Diminuer le taux d’intérêt pour tenir compte de la situation des pays, c’est plutôt une bonne chose (on allait tout de mêmes pas attendre de l’UE qu’elle préconise l’annulation sans conditions de la dette pour défendre les pays membres contre la finance internationale).
Ceci dit, qu’est ce que la « soutenabilité » ? Quel sont les critères d’appréciation ? Par exemple, le fait qu’il existe une sécurité sociale, un salaire minimum, ou qu’il existe un secteur public seront-il des éléments qui fera dire à la Commission Européenne : « ce pays a encore des marge de manœuvre budgétaire » puisqu’il lui reste beaucoup « d’économies » possibles, parmi lesquelles réduire l’action de sa Sécurité Sociale, baisser les salaires, détruire les salaires minimum, ou privatiser.
Et ceci n’est pas une vue de l’esprit. C’est simplement la réalité des positions dominantes dans l’UE actuelle, et ce sera un fil conducteur de tout le « Pacte pour l’Euro ». S’il fallait une preuve tout de suite, il suffit de citer les remarques formulées à l’attention de quelques pays en difficulté dès le début des « Conclusions des chefs d ’États ou de gouvernement » du 11 mars. Ainsi à propos de la Grèce, on peut lire un encouragement à « mener à bien entièrement et rapidement le programme de privatisations et de valorisation du patrimoine foncier de 50 milliards d’euros qu’elle a annoncé ». Autre exemple concernant le Portugal : « En particulier, les chefs d’État ou de gouvernement, le président de la Commission et le président de la BCE accueillent favorablement et soutiennent le train de mesures d’envergure annoncé aujourd’hui par le Portugal concernant les réformes budgétaires, financières et structurelles ». Rappelons la teneur principale des mesures prises au Portugal : gels et diminutions de salaires, suppression d’aides sociales ou encore augmentation de la TVA (mesures semblables à celles prises en Grèce : réduction des salaires des fonctionnaires, des pensions de retraite et augmentation des impôts).
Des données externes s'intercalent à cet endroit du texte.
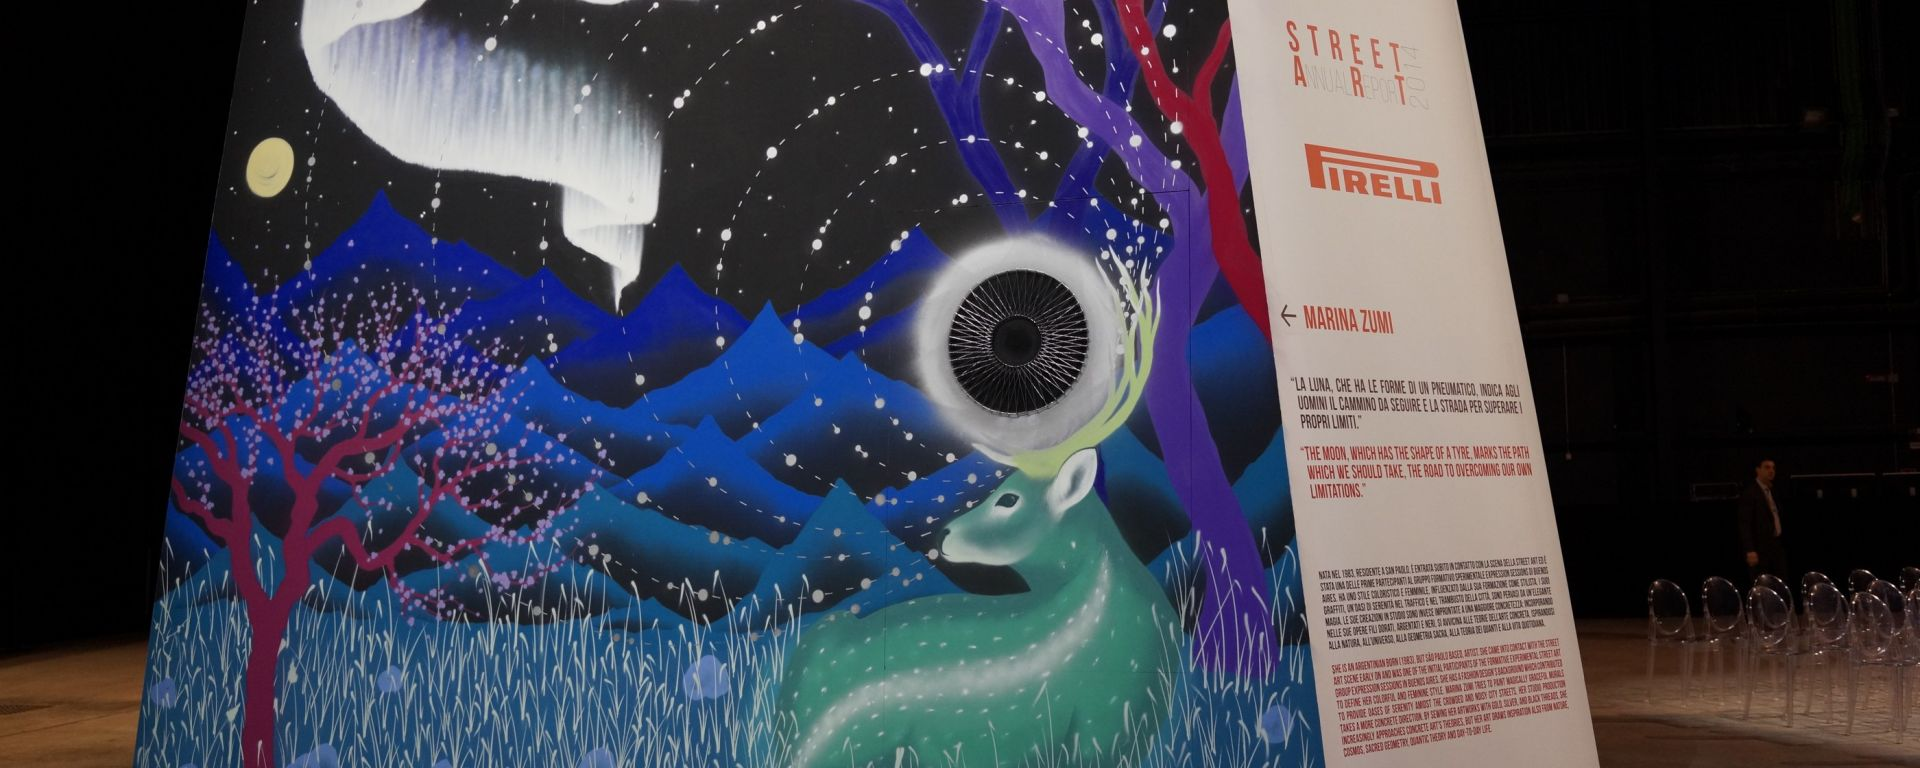 Pirelli: lo pneumatico diventa street art
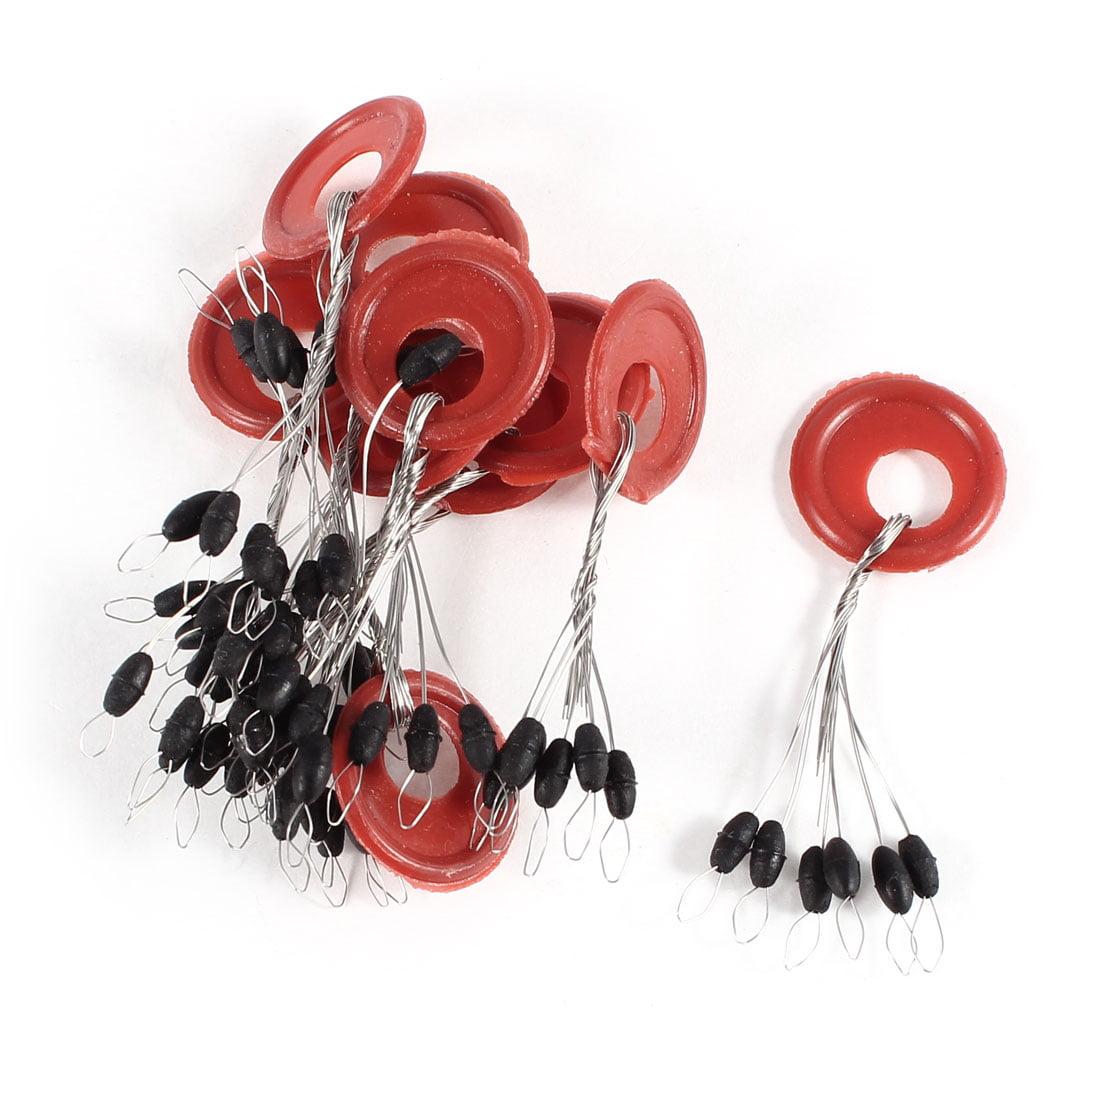 10 Pcs Black Beads Rubber Stopper 6 in 1 Fishing Floater Bobber Sinker by Unique-Bargains

Donc, l’objectif de ce principe d’intervention est d’augmenter les taux d’intérêt pour les pays jusqu’à ce qu’il n’y ait plus de marge de manœuvre, ce qui peut se traduire par « tant que tu n’as pas tout privatisé, on va faire payer ton peuple pour lui apprendre à refuser de se faire exploiter pas nos grands groupes d’assurance ».
Ensuite, lorsque le texte dit : « ménager une marge appropriée pour faire face aux risques », il s’agit bien entendu des risques que prendrait le FESF à prêter des capitaux, non pas des risques qu’on fait prendre à la population en encourageant la destruction des secteurs publics.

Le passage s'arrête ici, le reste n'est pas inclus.